A new study from professor Erika Hall of Emory University’s Goizueta Business School suggests that white people have a far more negative view of the term “Black” than they do of the term “African-American.” For instance, study participants routinely concluded that a person had a higher level of education and job status, if that person was referred to as African-American rather than Black.  “Only 38.46% of participants in the Black racial label estimated that the target was in a managerial position, while 73% of the targets in the African-American racial label condition estimated that the target was in a managerial position.” When the study controlled for the alternate use of “white” versus “Caucasian,” there was no significant perception of difference. Study participants also concluded that targets identified as “African-American” were perceived to have a higher socioeconomic status, to generally be more competent, and to have a “warmer” personality.

“Black” was the first racial label I learned, perhaps because my mother was a child of the 1970s. I was never taught to refer to myself as African-American, and must have intuited that this was the “proper” way to refer to myself after checking boxes on a school form.

In one of our many on-the-playground-at-recess conversations, my white childhood best friend told me that her mother taught her to refer to Black people as “African-American,” and white people as “Caucasian American.” One of my mother’s old boyfriends always referred to white people as “Caucasians,” and the term never caught on for me. Since I didn’t particularly like him, his use of the term always struck me as him trying too hard to “talk proper.”

To this day, if I’m not being really deliberate, or really formal, I refer to myself and other African Americans as “Black.” Blackness rolls off the tongue in just that certain way when I say it loud and proud. I sometimes notice white eyebrows raising when I dare to say the word “Black,” sitting around a boardroom table. It is disruptive. And disarming. And political.

As a kid, I thought “African-American” sounded like a mouthful. Now I’m glad my best friend’s mom taught her to say it.  I don’t have a problem with white people using the term “Black.” But sometimes I do, when it rolls off white tongues like an accusation.

Now that racial politics in the U.S. South are not my only frame of reference, my investment in the term “Black” also has to do with being in solidarity with the many other Black people in this country and in the world, who are not American, who hail from the Caribbean or the Continent or other European countries, too. Though racial politics play out differently in all those locales, what we share in common is the global problem of white supremacy. And it is because of these shared political histories, and because of the political legacy of Blackness, that I capitalize this word, even though I frequently do not capitalize “white.”

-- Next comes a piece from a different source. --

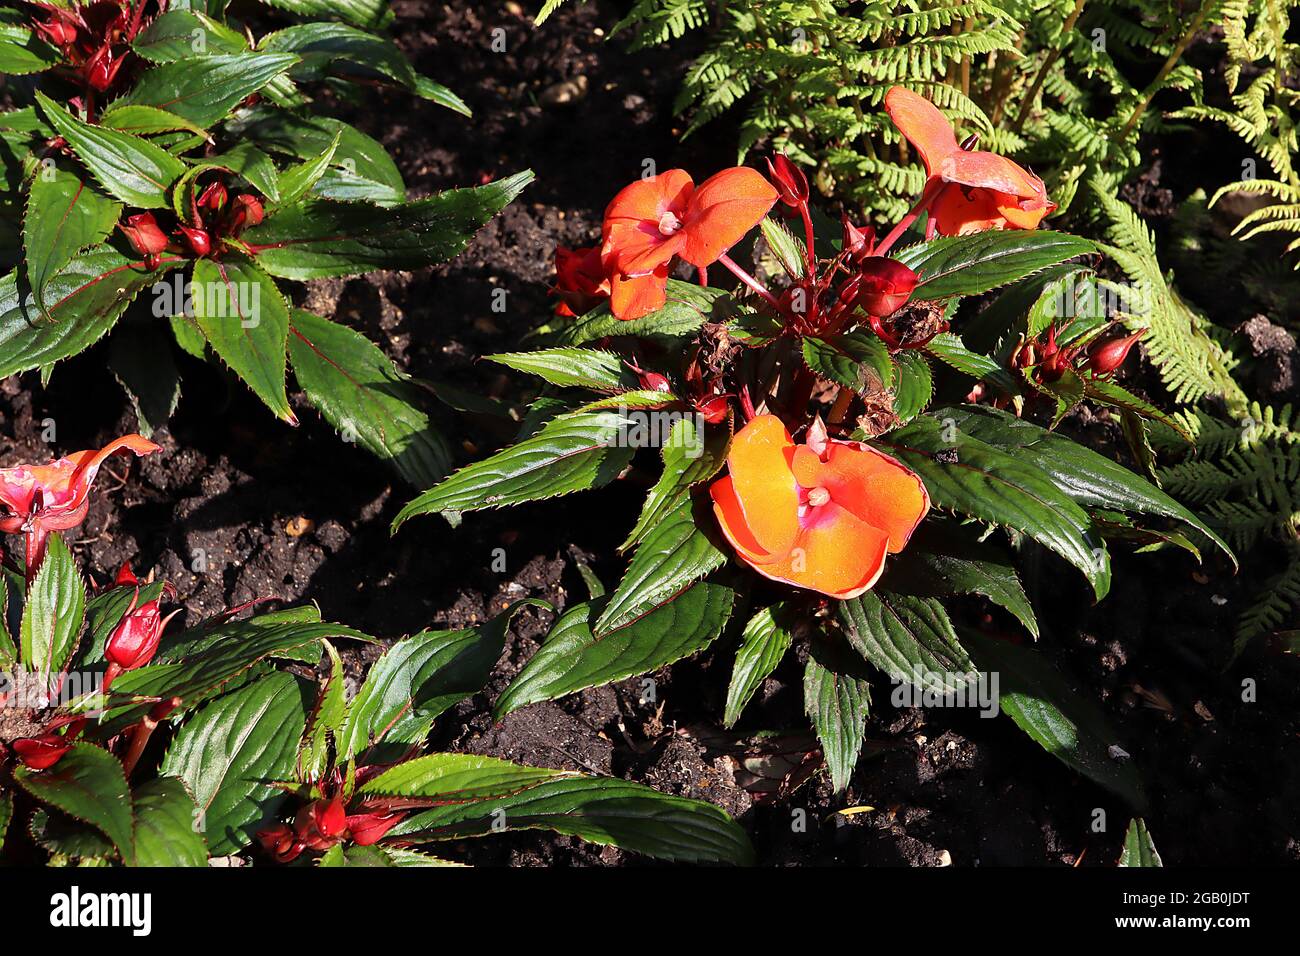 Impatiens hawkerii ‘Super Sonic Flame’ New Guinea Impatiens Flame – flame piatto di fiori arancioni profondi e foglie dentellate di colore verde scuro, giugno, Inghilterra, Regno Unito Foto Stock
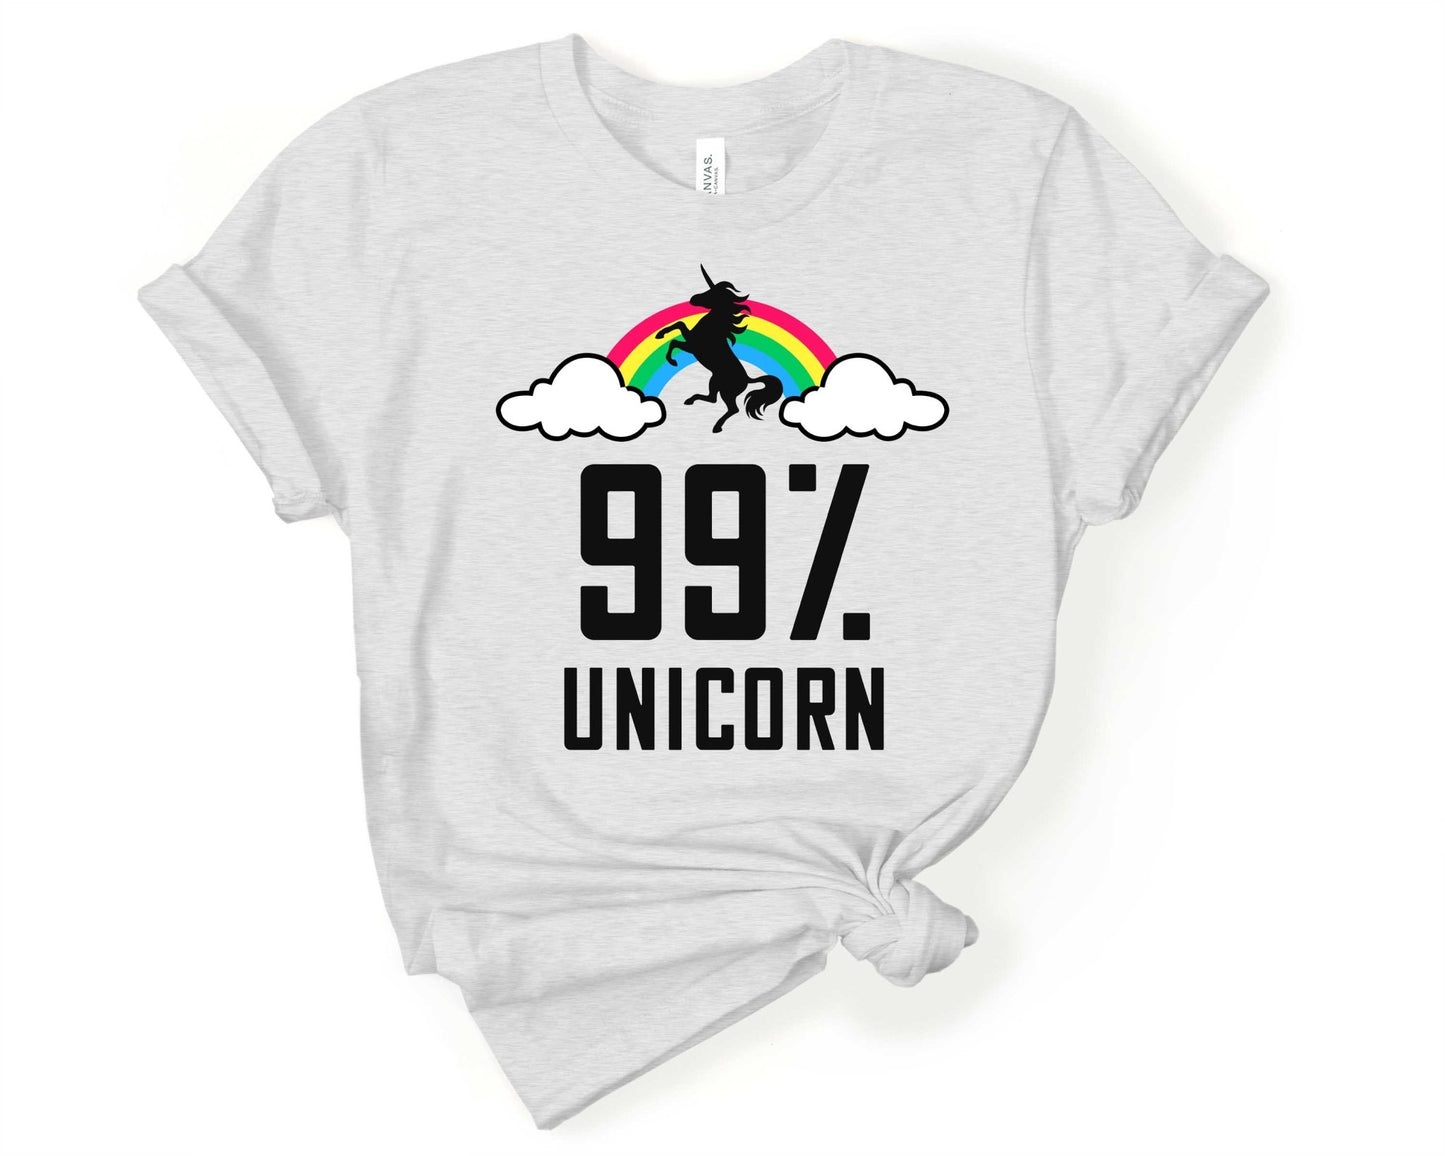 99% Unicorn | T-Shirt for Unicorn Lovers - Gone Coastal Creations - Shirts

But what does it mean that white people prefer the politically less-charged term “African-American”? Why are white people so invested in how Black people refer to themselves? I mean, isn’t all the external policing about why Black people get to use the “N-word” -- as though it’s some sort of prize, mind you-- just white people being entirely too concerned about how Black people choose to refer to themselves?

Perhaps the adoption of an American identity, even a hyphenated one, makes Black people feel safer to white people. Perhaps adoption of that moniker signals that we are willing to fall into step and into line with what America says about us. Perhaps Blackness really does conjure visions of insurrectionary dark-skinned people ready to revolt against the violent machinations of whiteness.

I don’t know. At least not fully.  But I know two things.

I want each and every name that belongs to me. And I want the power to decide what to do with them, when to use them, and what to let you call me. For the ability to name oneself is power—a power too long denied to African-American people.

To be clear, Black people have been obsessed with how we refer to ourselves ever since we had the freedom to choose. In her 1904 essay “Do We Need Another Name?” Fannie Barrier Williams outlined the existing debates between Black intellectuals over whether we should call ourselves “colored,” “Negro” or “Afro-American.” W.E.B. Du Bois, said, “I am a Negro. And a Negro’s son.” But a Dr. T.R. Abbott of Toronto argued, “ a new and distinctive name is required. I know of no other so appropriate as Afro-American.”

In the 1960s, Pauli Murray patently refused to call herself “Black,” preferring the term “Negro.” For her, the struggle to have newspapers capitalize “Negro” was a hard-fought battle, and one she didn’t want to give up to adopt the more militant “Black.” One of her students even begin to keep a tally in her lectures at Brandeis in the late 1960s of how many times she used “Negro” versus “Black.”

This current debate, then, is not new. Black people have long known that the terms by which we refer to ourselves have political implications, and influence how white people understand and interact with us.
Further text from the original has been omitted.